START Information shown
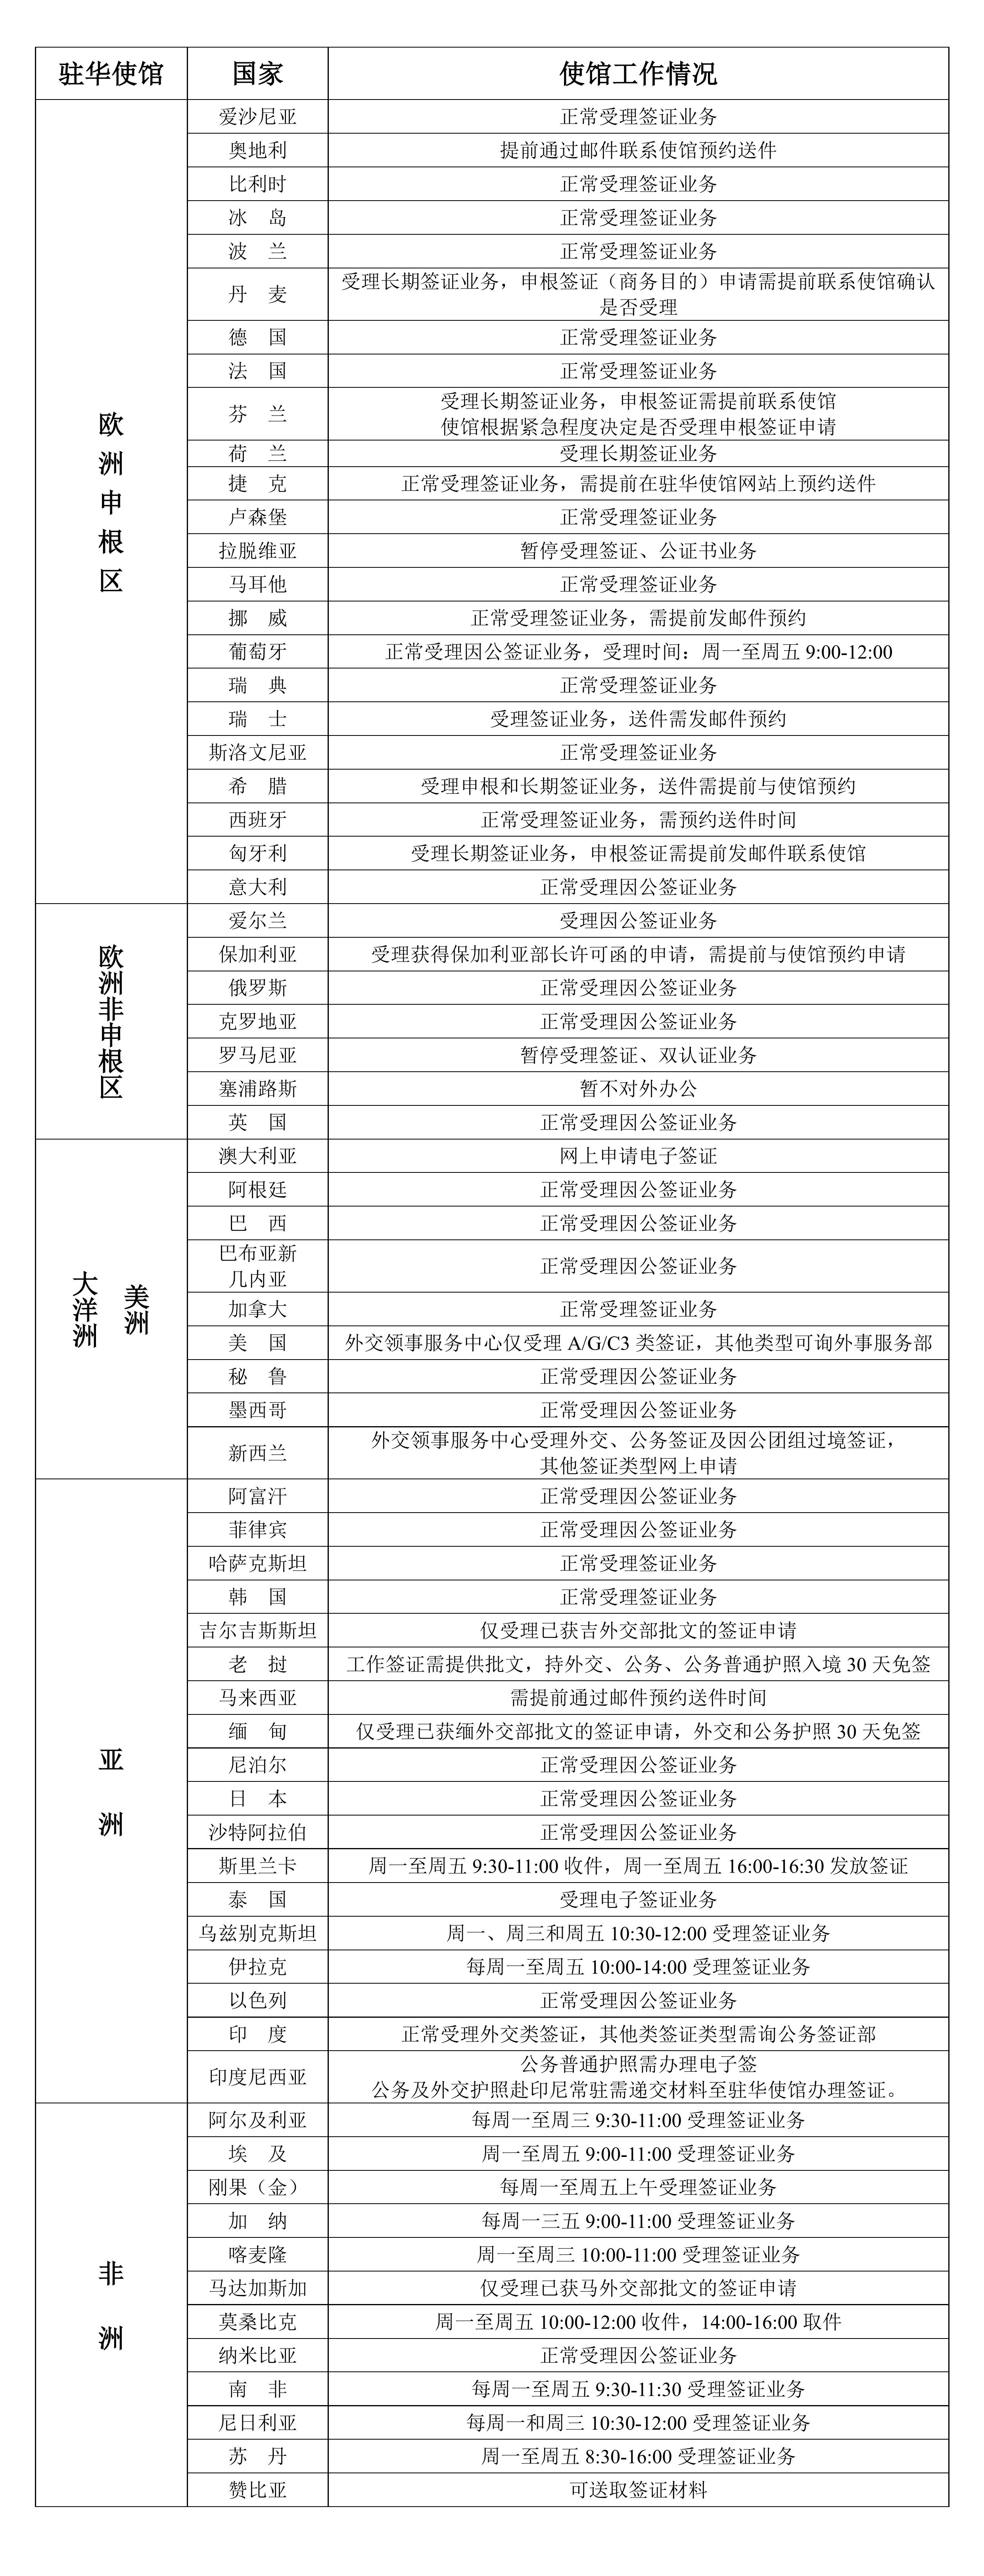 2023年1月10日部分驻华使馆工作情况统计表_00.jpg
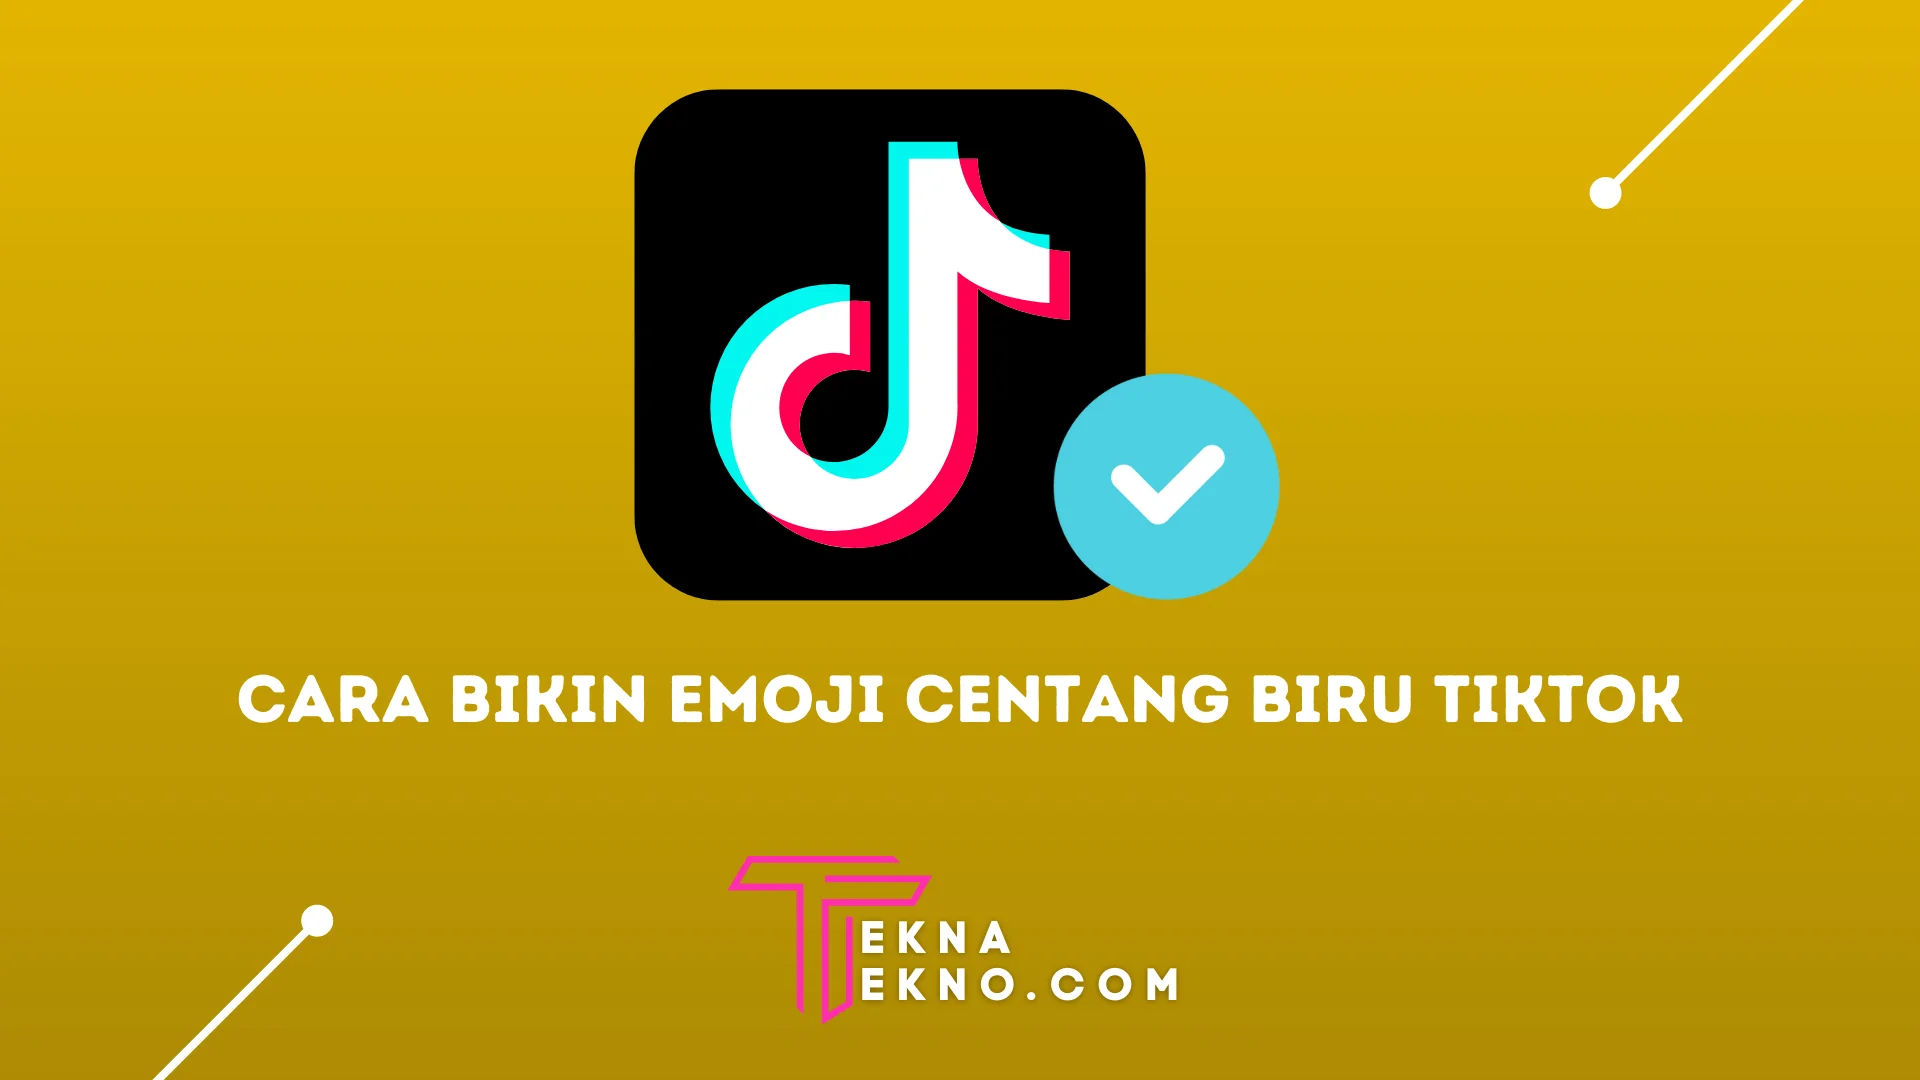 Font Emoji Centang Biru Tiktok, Begini 4 Cara Bikin dan Download Nya Simple Banget
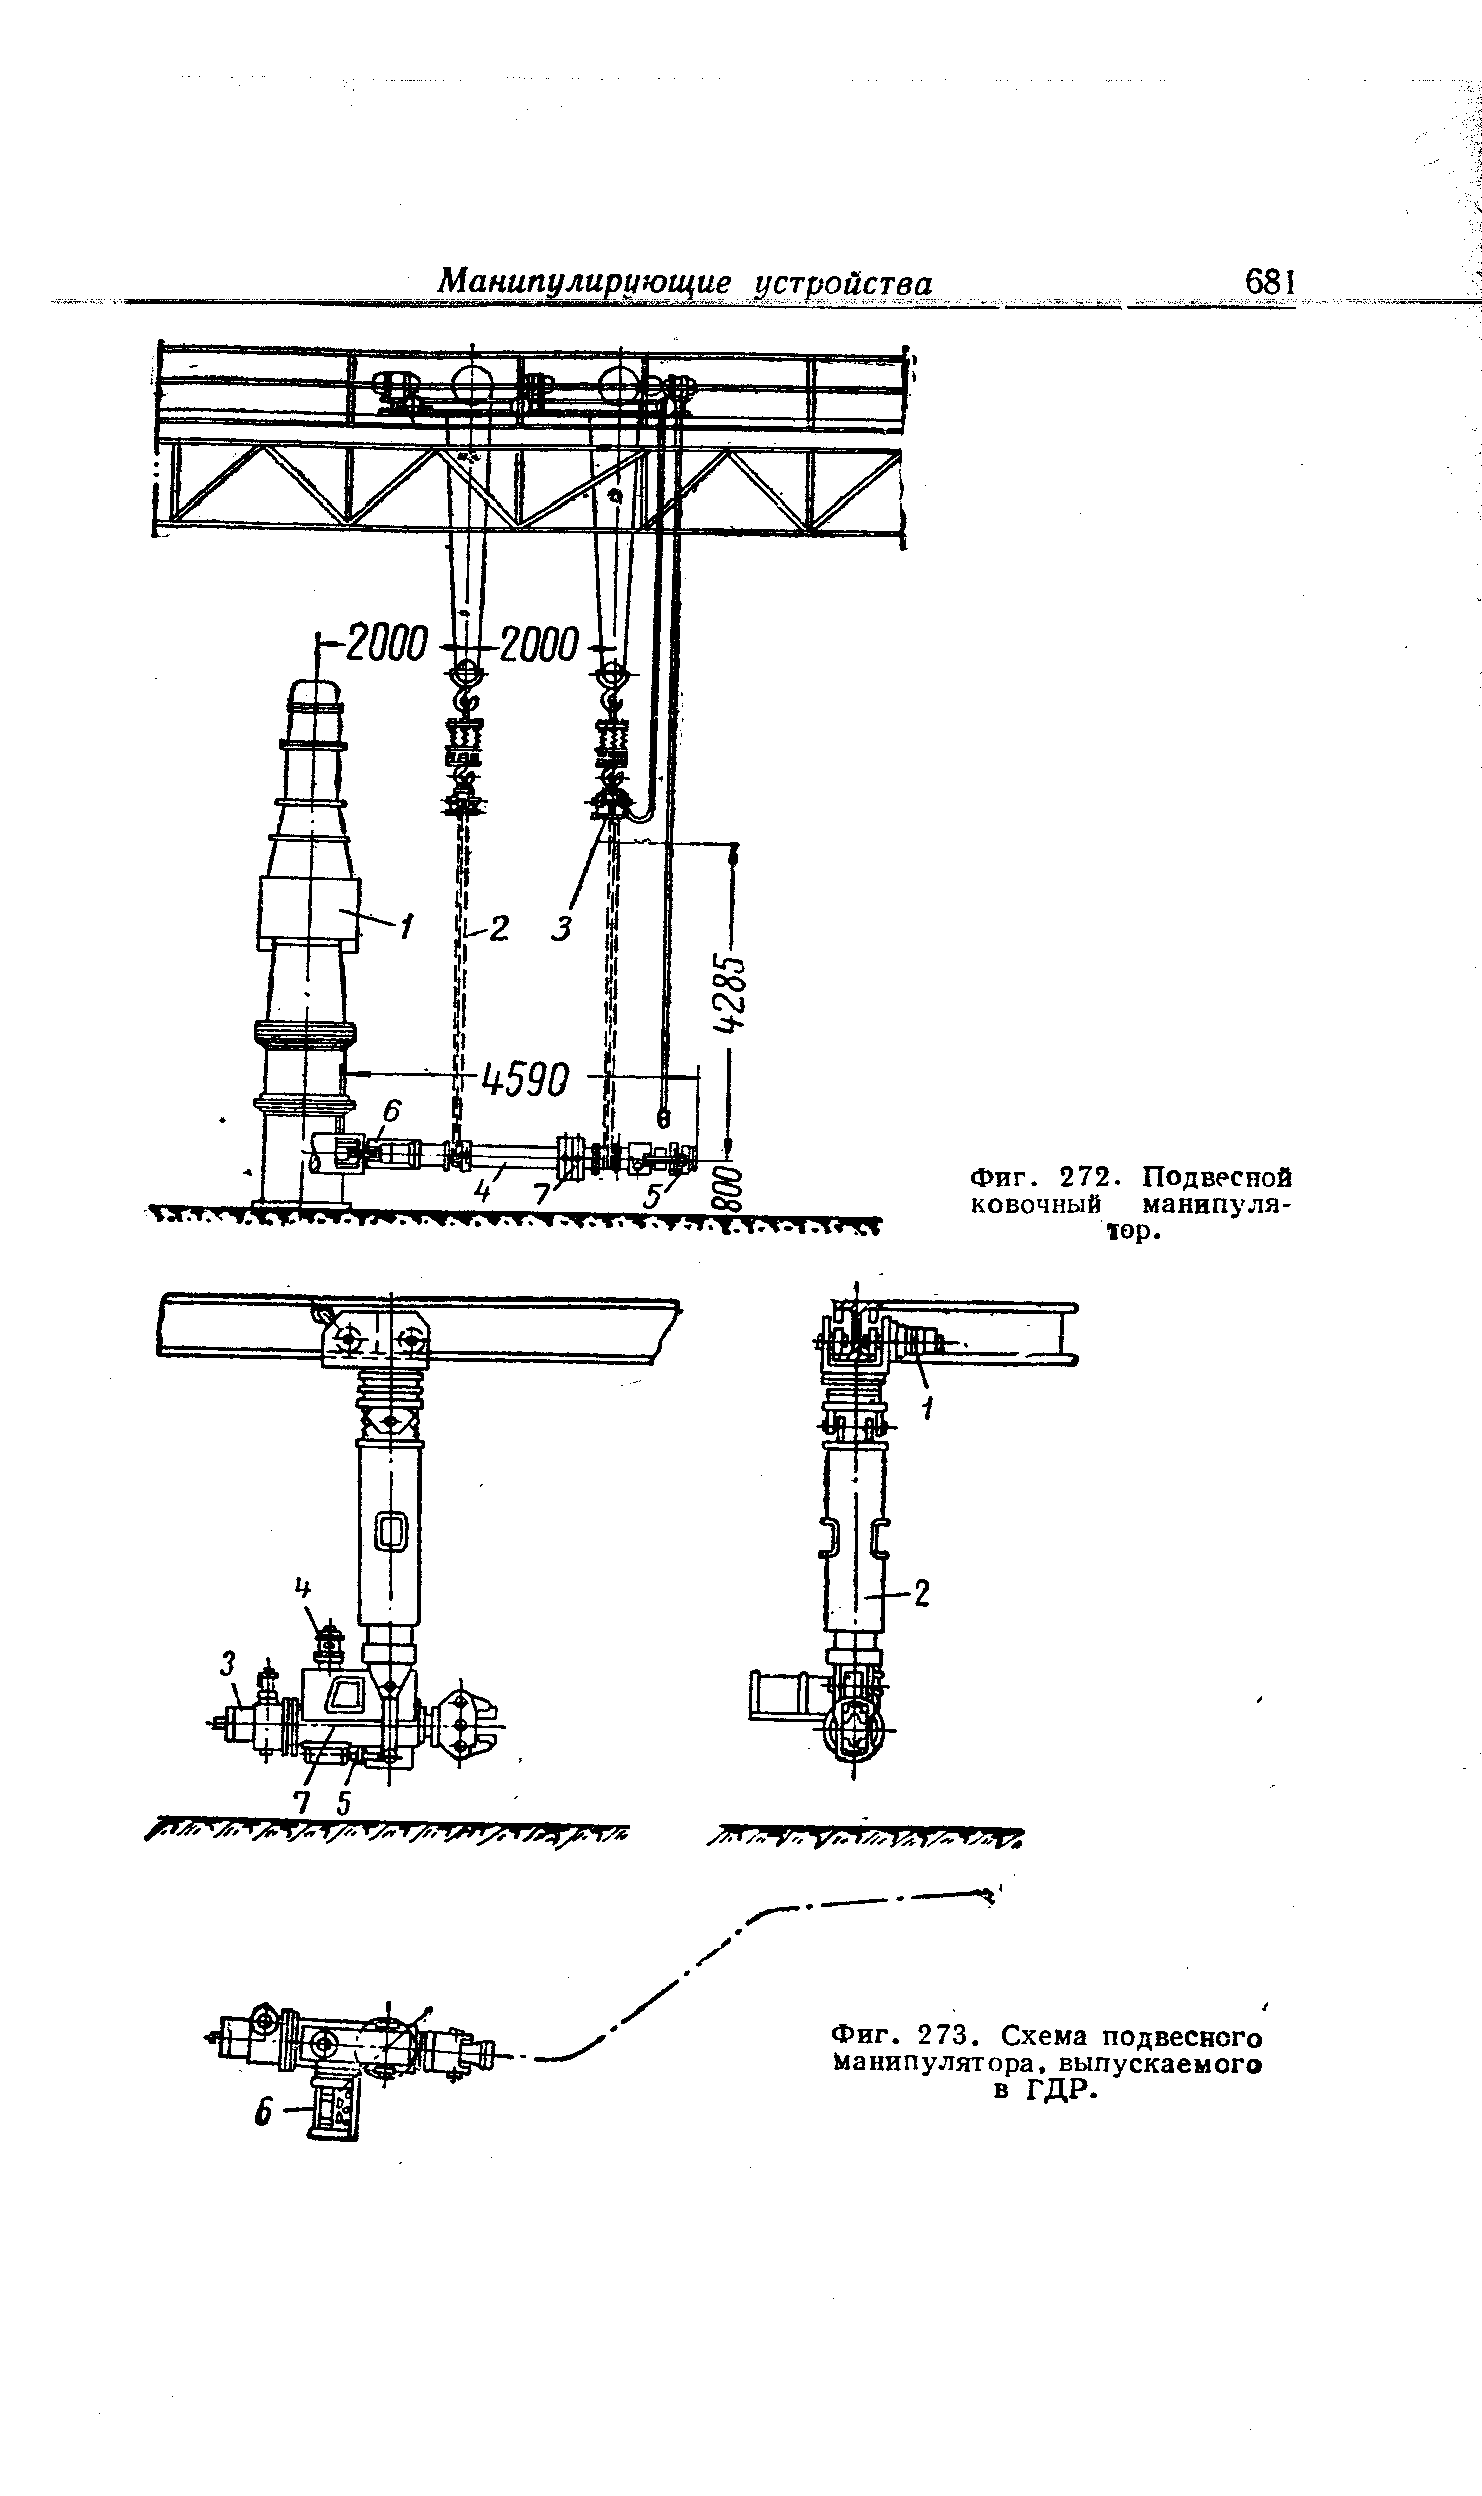 Фиг. 273. Схема подвесного Манипулятора, выпускаемого в ГДР.
END Information shown
Quote the data exactly, leaving every image out of the copy.

 2023年1月10日部分驻华使馆工作情况统计表_00.jpg
 Font Emoji Centang Biru Tiktok, Begini 4 Cara Bikin dan Download Nya Simple Banget
 Фиг. 273. Схема подвесного Манипулятора, выпускаемого в ГДР.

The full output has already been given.